In this article, we explore the architectural evolutions that have enabled our AI-powered decision engine to efficiently process high-volume event traffic and help our customers orchestrate personalized, timely marketing messages based on each user’s shopping journey.
To ensure a seamless experience for our customers’ subscribers (users), it is critical to prevent them from receiving multiple messages from different processing units simultaneously. This introduces the challenge of enforcing mutual exclusivity in processing each subscriber’s shopping events while maintaining high throughput at scale.
We will also examine how we safeguard message delivery decisions from split-brain scenarios, discuss concerns related to architectural changes such as distributed locking, and explore the alternative solutions we implemented to simplify the architecture while ensuring scalability and a non-blocking design. Additionally, we will address the challenges encountered during migration and the strategies used to mitigate them.

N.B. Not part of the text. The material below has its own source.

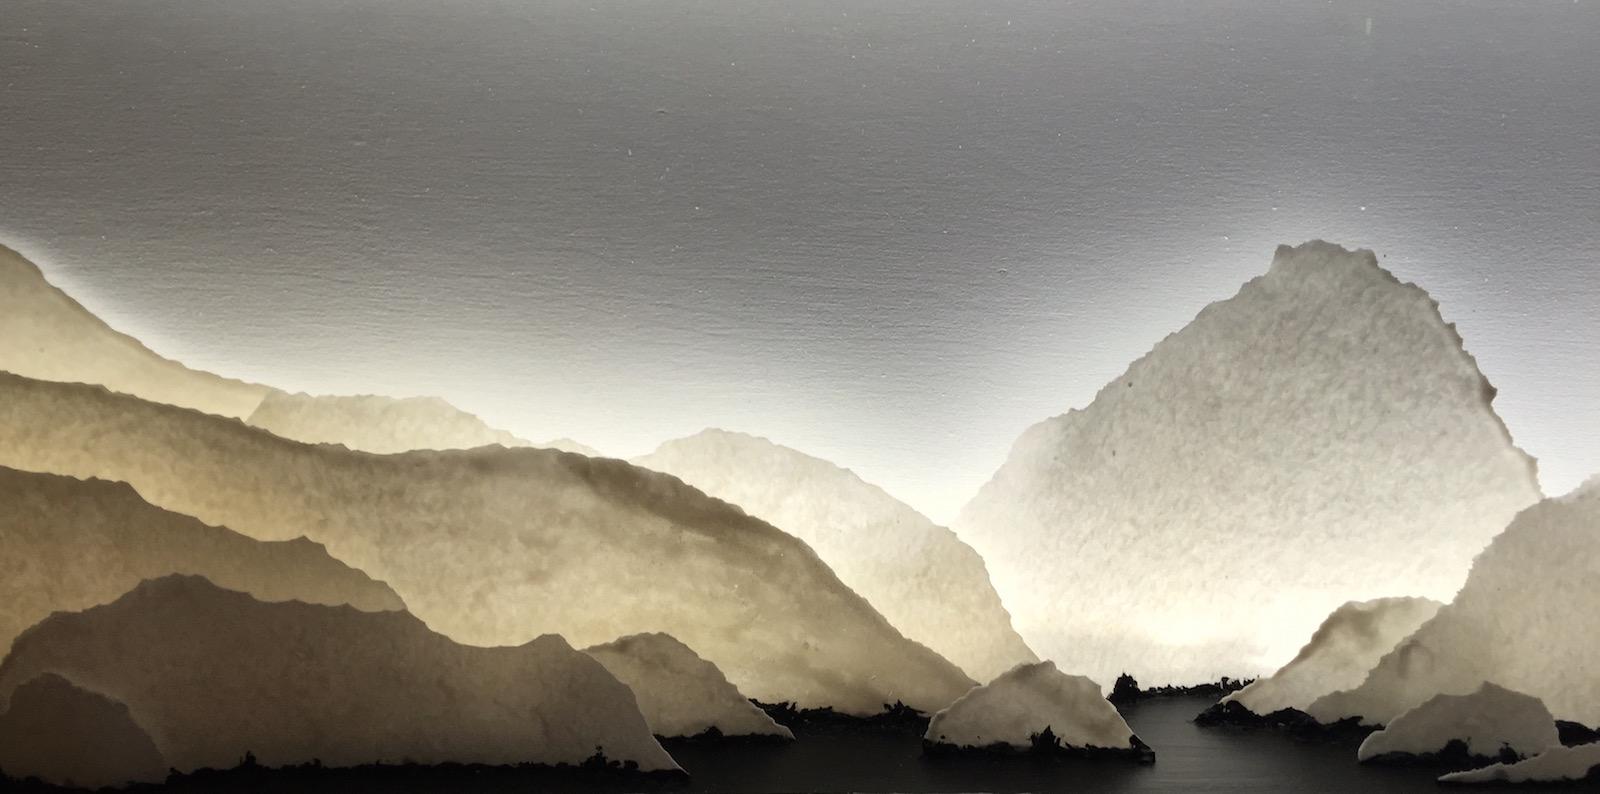 Backlit porcelain landscape diorama

Customer: refers to Attentive customers (brands)
User/Subscriber: refers to our customers' shoppers or end users.
Consumer: refers to a consumer of a message topic specifically in the context of event-driven architecture.
Attentive is a leading marketing platform dedicated to helping our customers deliver personalized and timely messages to their subscribers. At the heart of this operation is our decision engine, which determines the optimal time for our customers to send marketing messages based on users' recent shopping behavior. Success in SMS and email platforms relies on reaching customers’ subscribers (users) at the right moment, through their preferred communication channels, and ensuring messages arrive precisely when they matter most. We power this experience for over 8,000 brands.

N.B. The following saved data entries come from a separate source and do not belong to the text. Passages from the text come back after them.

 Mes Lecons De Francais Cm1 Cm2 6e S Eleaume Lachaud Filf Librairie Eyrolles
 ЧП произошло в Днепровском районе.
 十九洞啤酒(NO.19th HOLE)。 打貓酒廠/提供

As you can imagine, our traffic closely follows consumer shopping patterns, with peak activity around noon ET and significant surges during holiday periods. The biggest spike, unsurprisingly, occurs during Black Friday / Cyber Monday commonly referred to as BFCM or Cyber week in retail. Last year, Attentive brands successfully captured the attention and spending power of consumers, sending 3.9 billion SMS and email messages. This marks a 38% lift in growth year-over-year.
On Black Friday alone, brands set a new record by sending out 620 million text messages.
Our messaging pipeline and event-driven architecture must prioritize four key factors: reliability, fault-tolerance, throughput and mutual exclusivity.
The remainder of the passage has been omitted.